Input data
┌────────
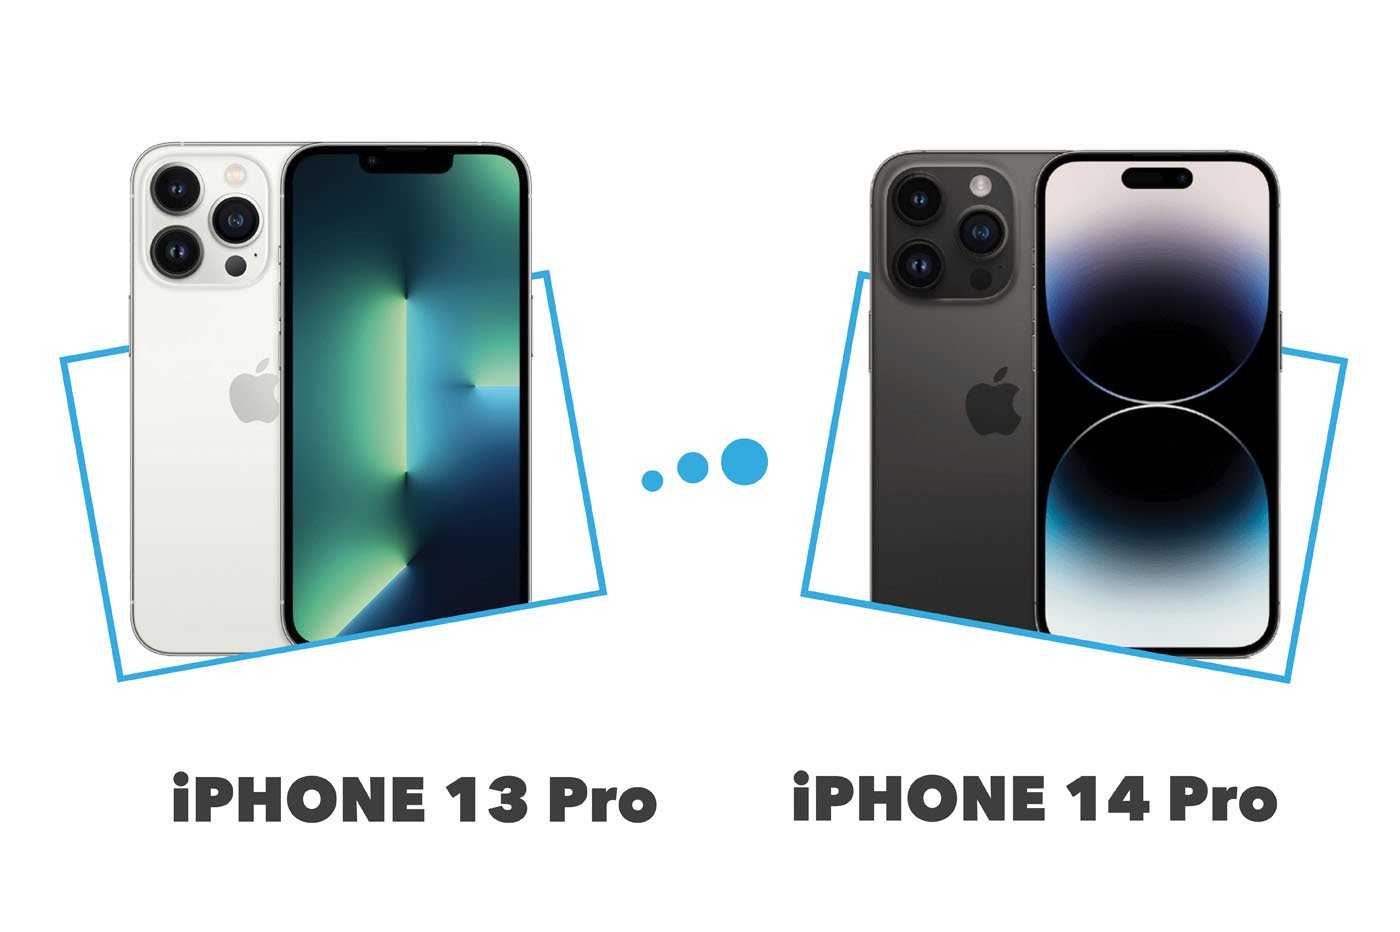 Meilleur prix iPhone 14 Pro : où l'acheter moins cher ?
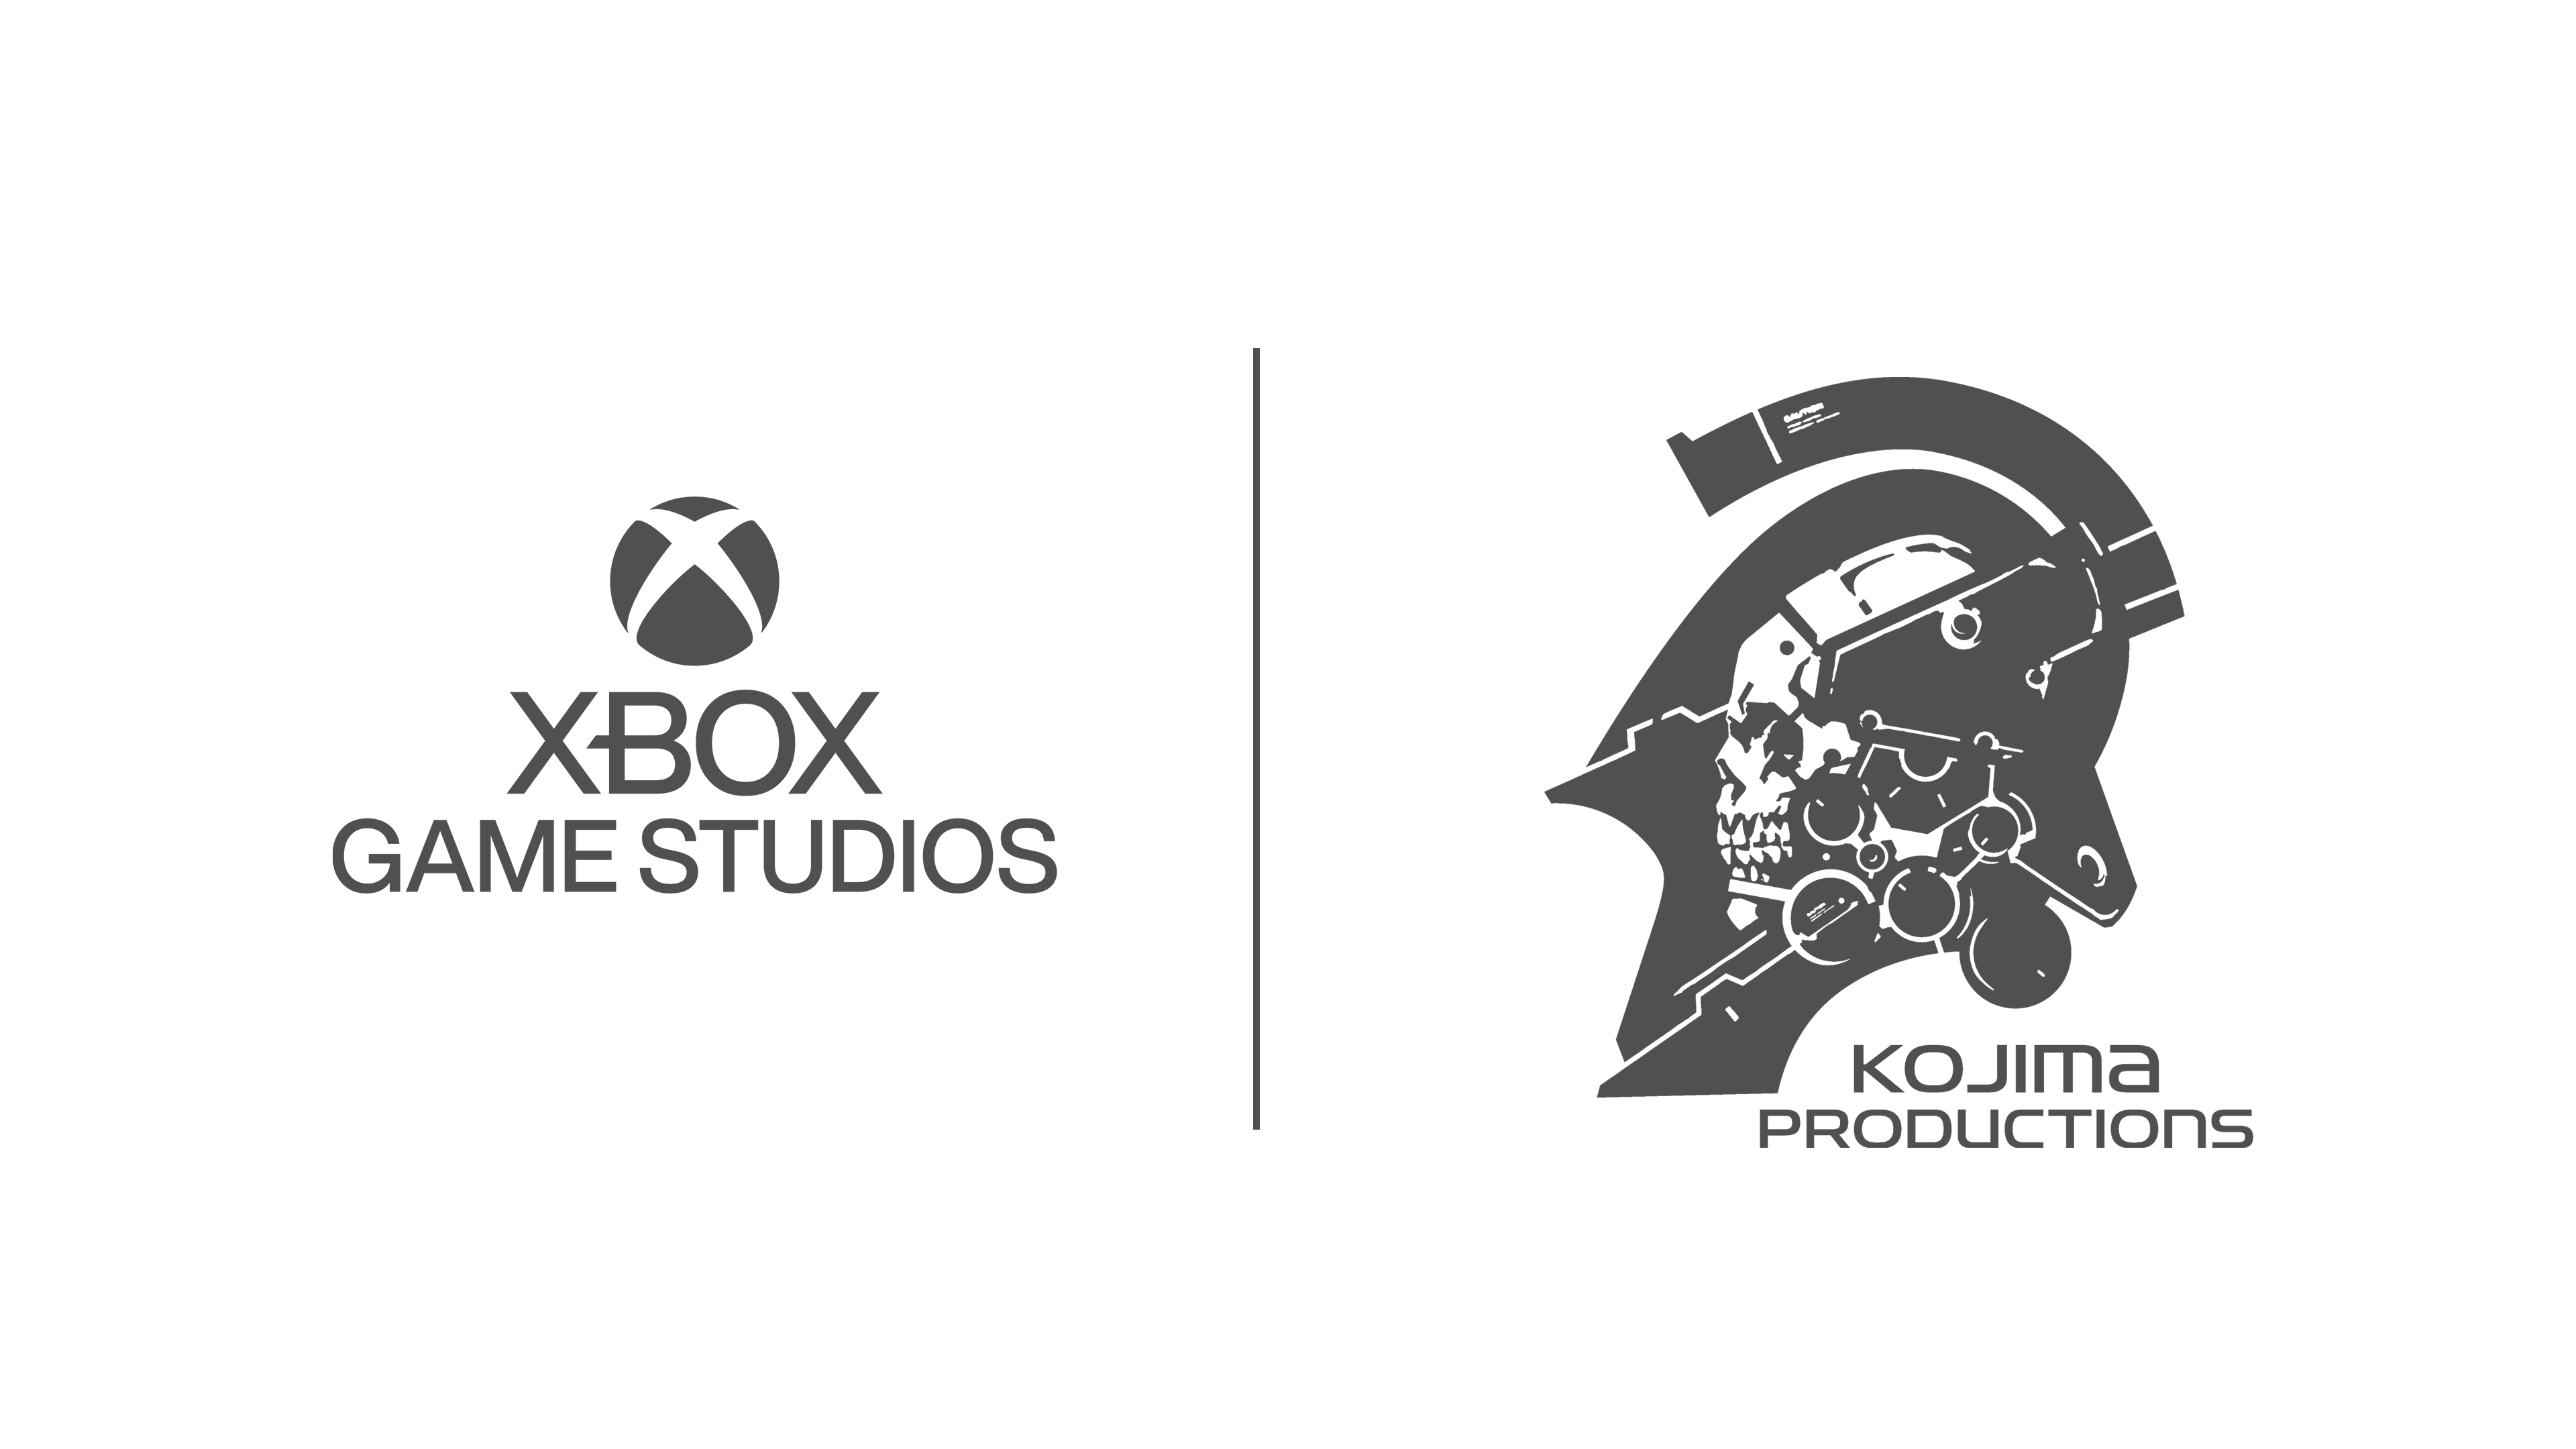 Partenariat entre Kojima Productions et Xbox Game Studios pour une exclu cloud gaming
└────────
┌────────
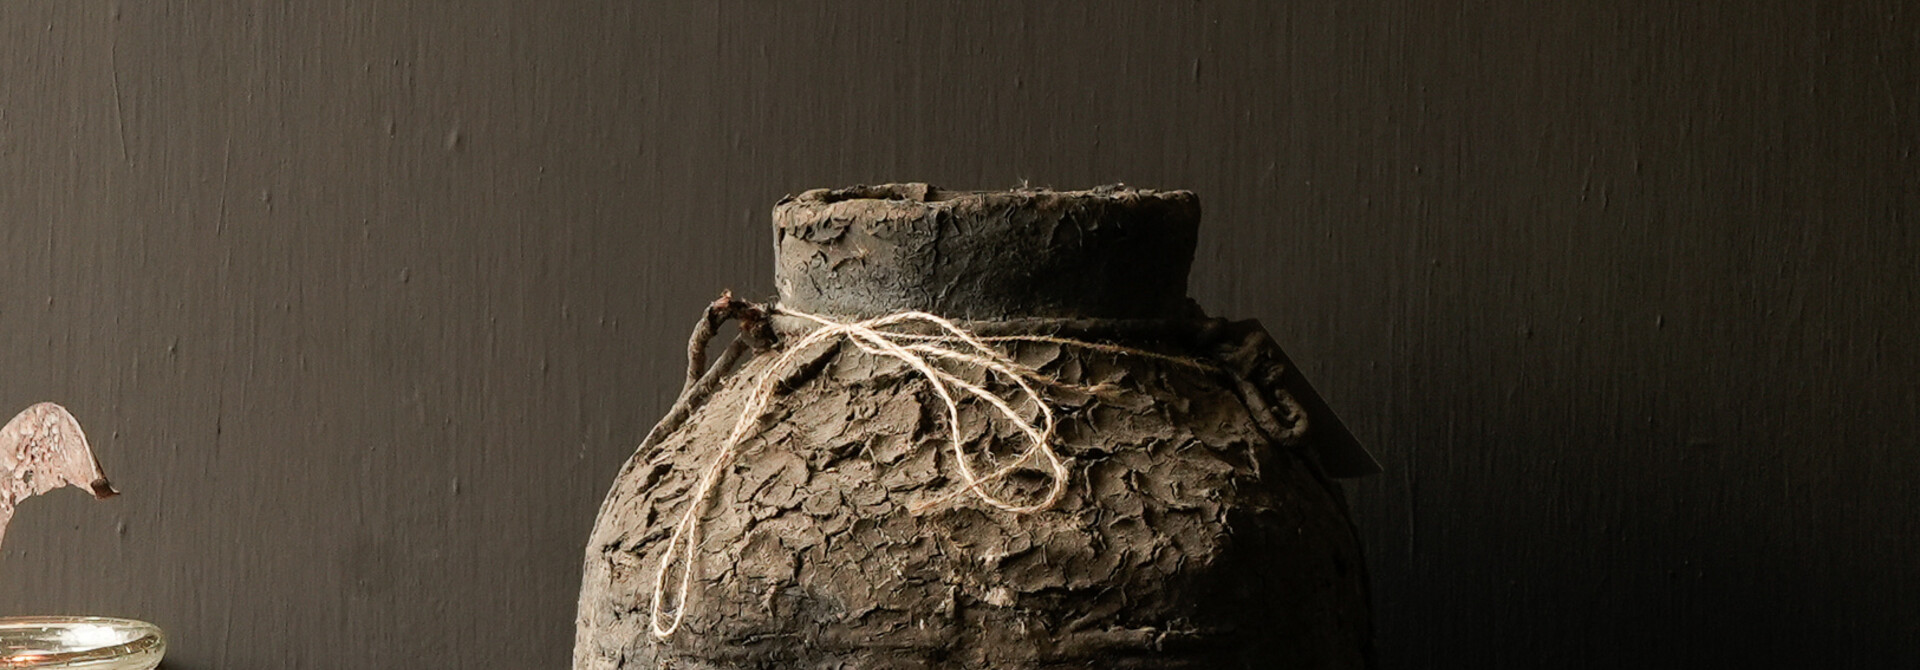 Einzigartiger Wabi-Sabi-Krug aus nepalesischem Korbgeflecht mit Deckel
└────────
Task brief
Print, exactly and with no pictures, the lines of the listing above starting at the one that has "Meilleur prix iPhone" and ending at the one that has "Partenariat entre Kojima", both included.

Solution for this exercise
 Meilleur prix iPhone 14 Pro : où l'acheter moins cher ?
 Partenariat entre Kojima Productions et Xbox Game Studios pour une exclu cloud gaming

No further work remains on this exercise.